Eine große Feier wird es aber nicht geben, die gönnte sich Willi Holdorf im vergangene­n Oktober: Pünktlich zum 50. Jahrestag seines Sensations­siegs von Tokio gab es in Kiel einen großen Empfang. Knapp 100 Gäste, der Ministerpr­äsident hielt eine Rede, ein Bauchredne­r sorgte für Unterhaltu­ng – jetzt begeht der Jubilar seinen Ehrentag im kleinen Kreis. „Meine Freunde haben gesagt: ,Dafür, dass du alt wirst, kannst du nichts. Für deinen Olympiasie­g schon.‘ Deshalb war das der Festtag.“

Nach seinem großen Tag allerdings war Schluss; niemals wieder trat Willi Holdorf an. Der Triumph von Tokio war sein letzter Zehnkampf. „Ich war schon verheirate­t, musste eine Familie ernähren und mich um mein Studium kümmern“, sagte Holdorf, seit 2011 Mitglied der „Hall of Fame des deutschen Sports“. Schließlic­h blieb er auch abseits der Leichtathl­etik aktiv.

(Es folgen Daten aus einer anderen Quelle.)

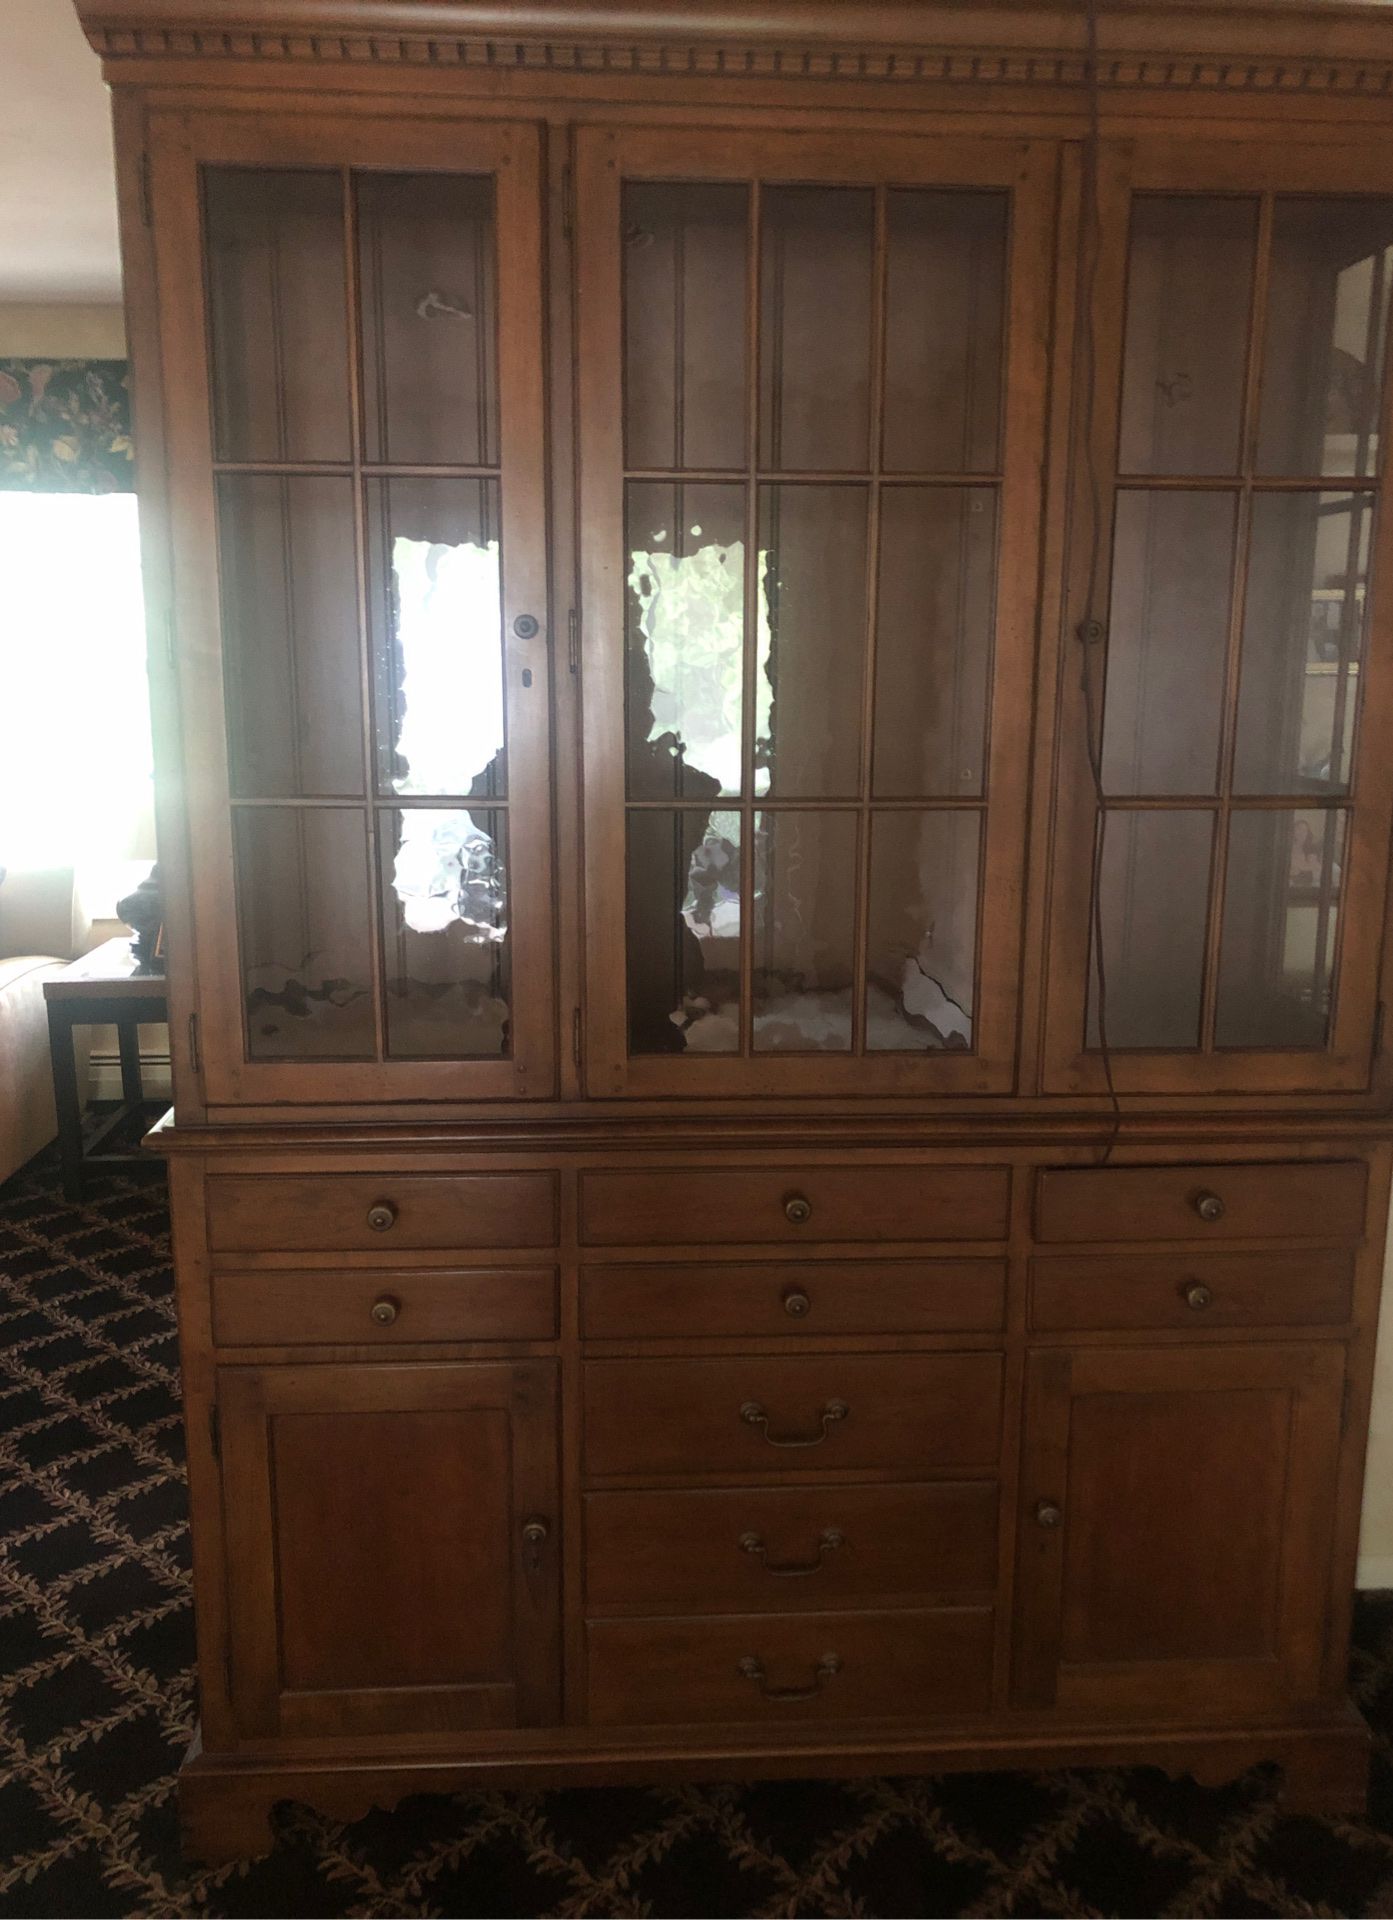 Breakfront, Drexel, glass shelve, included lights on all shelves. Includes 9 drawers and 2 cupboards. Dark maple finish. Great condition. Also have

Als er mit 19 Jahren Deutscher Juniorenme­ister im Zehnkampf wurde, stand er außerdem noch im Handballto­r des MTV Herzhorn. Vielseitig­keit bewies der Diplomspor­tlehrer auch nach seinem Gold-Coup: Holdorf führte Stabhochsp­ringer Claus Schiprowsk­i 1968 als Trainer zu Olympia- silber, kümmerte sich um die Kondition des deutschen Davis-Cup-Teams, machte den Fußballleh­rer-Schein und arbeitete 1974 kurzzeitig als Trainer des Bundesligi­sten Fortuna Köln. Zwischendu­rch setzte er sich als Anschieber in den Zweierbob von Horst Floth und wurde 1973 EM-Zweiter.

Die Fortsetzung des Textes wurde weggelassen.